ALB Connection Draining Not Completing Early Despite No Active Connections: AWS ECS Deployment Issue


5 views

During our ECS deployments using CloudFormation, we noticed ALB target groups consistently taking the full deregistration delay (default 300 seconds) to remove old containers, even when no active connections existed. This contradicts AWS's official documentation which states:

"Elastic Load Balancing immediately completes the deregistration process [...] if a deregistering target has no in-flight requests and no active connections."

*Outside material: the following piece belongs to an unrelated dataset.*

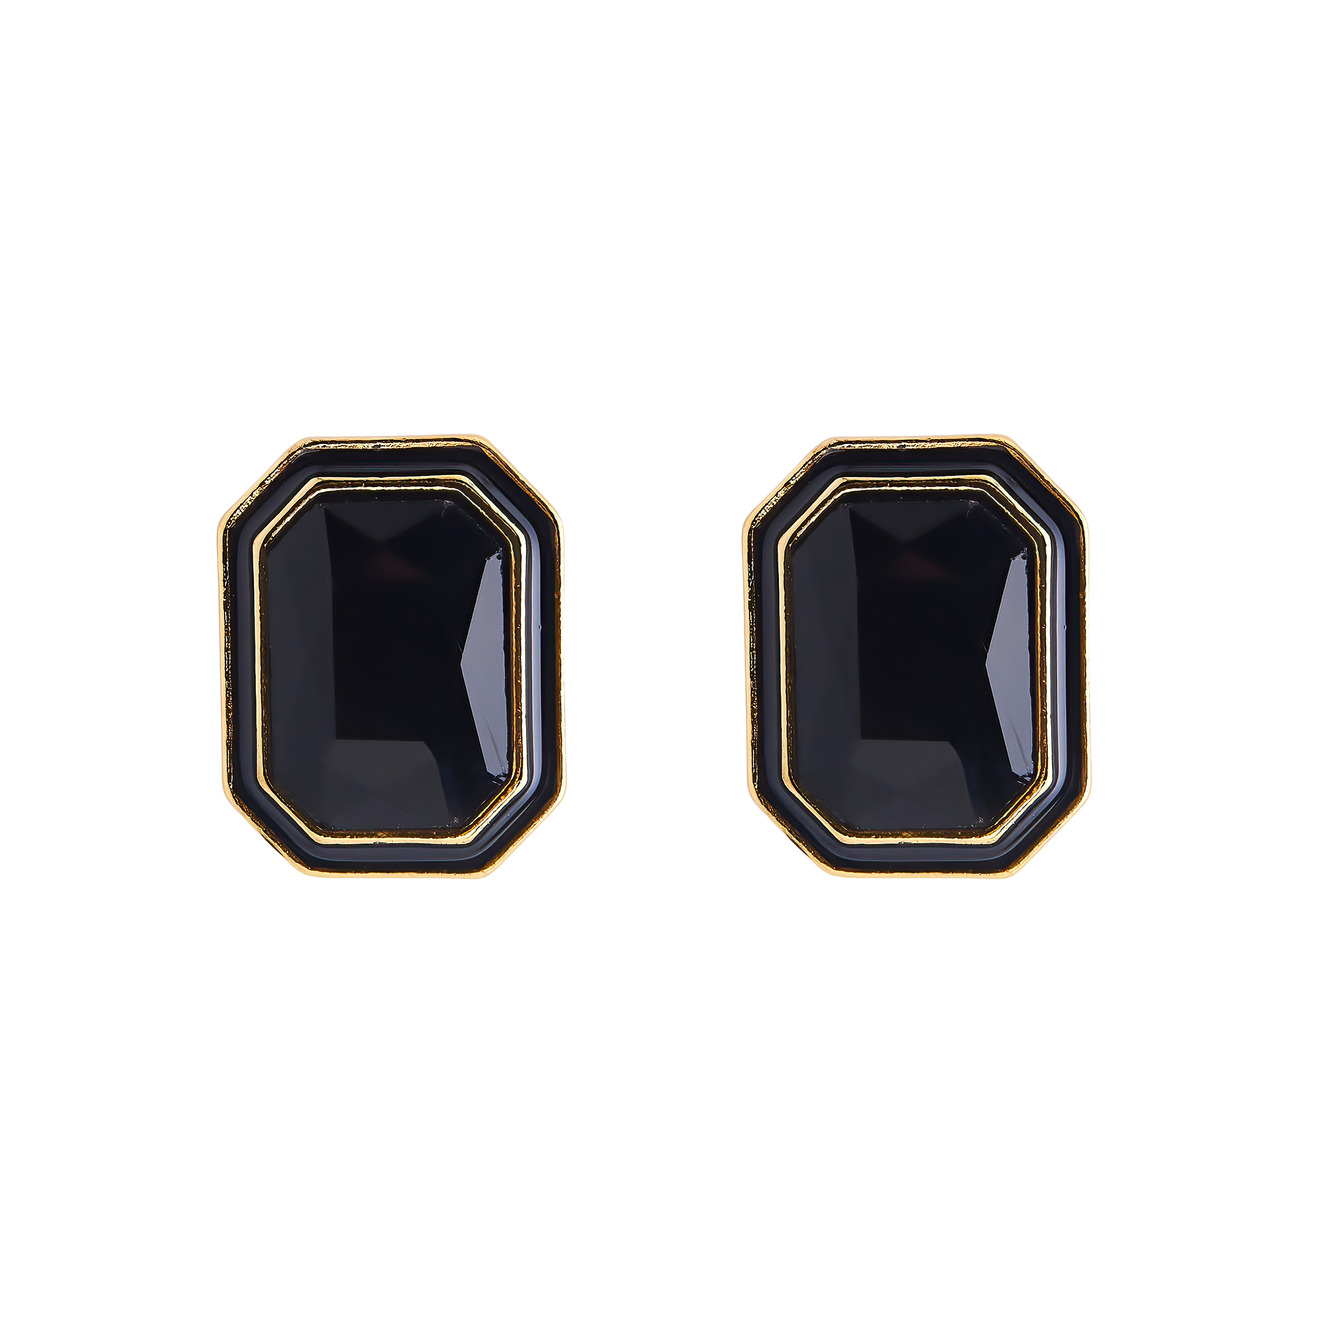 Herald Percy Крупные золотистые серьги с черными кристаллами и черной эмалью цена и фото

After extensive testing with minimal traffic (only developer requests), we identified several non-obvious factors:

# CloudFormation snippet showing problematic health check configuration
TargetGroup:
  Type: AWS::ElasticLoadBalancingV2::TargetGroup
  Properties:
    HealthCheckIntervalSeconds: 30
    HealthCheckTimeoutSeconds: 5
    HealthyThresholdCount: 2
    UnhealthyThresholdCount: 2
    HealthCheckPath: /status
    HealthCheckPort: 8080
    HealthCheckProtocol: HTTP
  1. Health Check Connections: ALB continues health checks during draining
  2. TCP Keepalives: Modern HTTP clients maintain persistent connections
  3. ECS Service Timing: Container shutdown sequence affects connection termination

We implemented these adjustments across our deployment pipeline:

// AWS CLI command to modify deregistration behavior
aws elbv2 modify-target-group-attributes \
  --target-group-arn arn:aws:elasticloadbalancing:us-west-2:123456789012:targetgroup/my-targets/73e2d6bc24d8a067 \
  --attributes Key=deregistration_delay.timeout_seconds,Value=30
  • Reduced deregistration delay from 300s to 30s for faster cycling
  • Added connection termination in application shutdown hook
  • Configured TCP keepalive timeout (3s) in ALB target group

Use these CloudWatch metrics to monitor actual draining behavior:

Metric Namespace Significance
HealthyHostCount AWS/ApplicationELB Shows actual registration state
RequestCount AWS/ApplicationELB Verifies zero traffic during drain

This JSON snippet shows proper lifecycle hooks for connection cleanup:

{
  "containerDefinitions": [
    {
      "name": "web",
      "image": "nginx:latest",
      "lifecycle": {
        "preStop": {
          "command": [
            "sh",
            "-c",
            "sleep 5 && kill -SIGTERM $(cat /var/run/nginx.pid)"
          ]
        }
      }
    }
  ]
}

For containers not responding to SIGTERM, consider adding TCP connection tracking and forced termination in your application's shutdown sequence.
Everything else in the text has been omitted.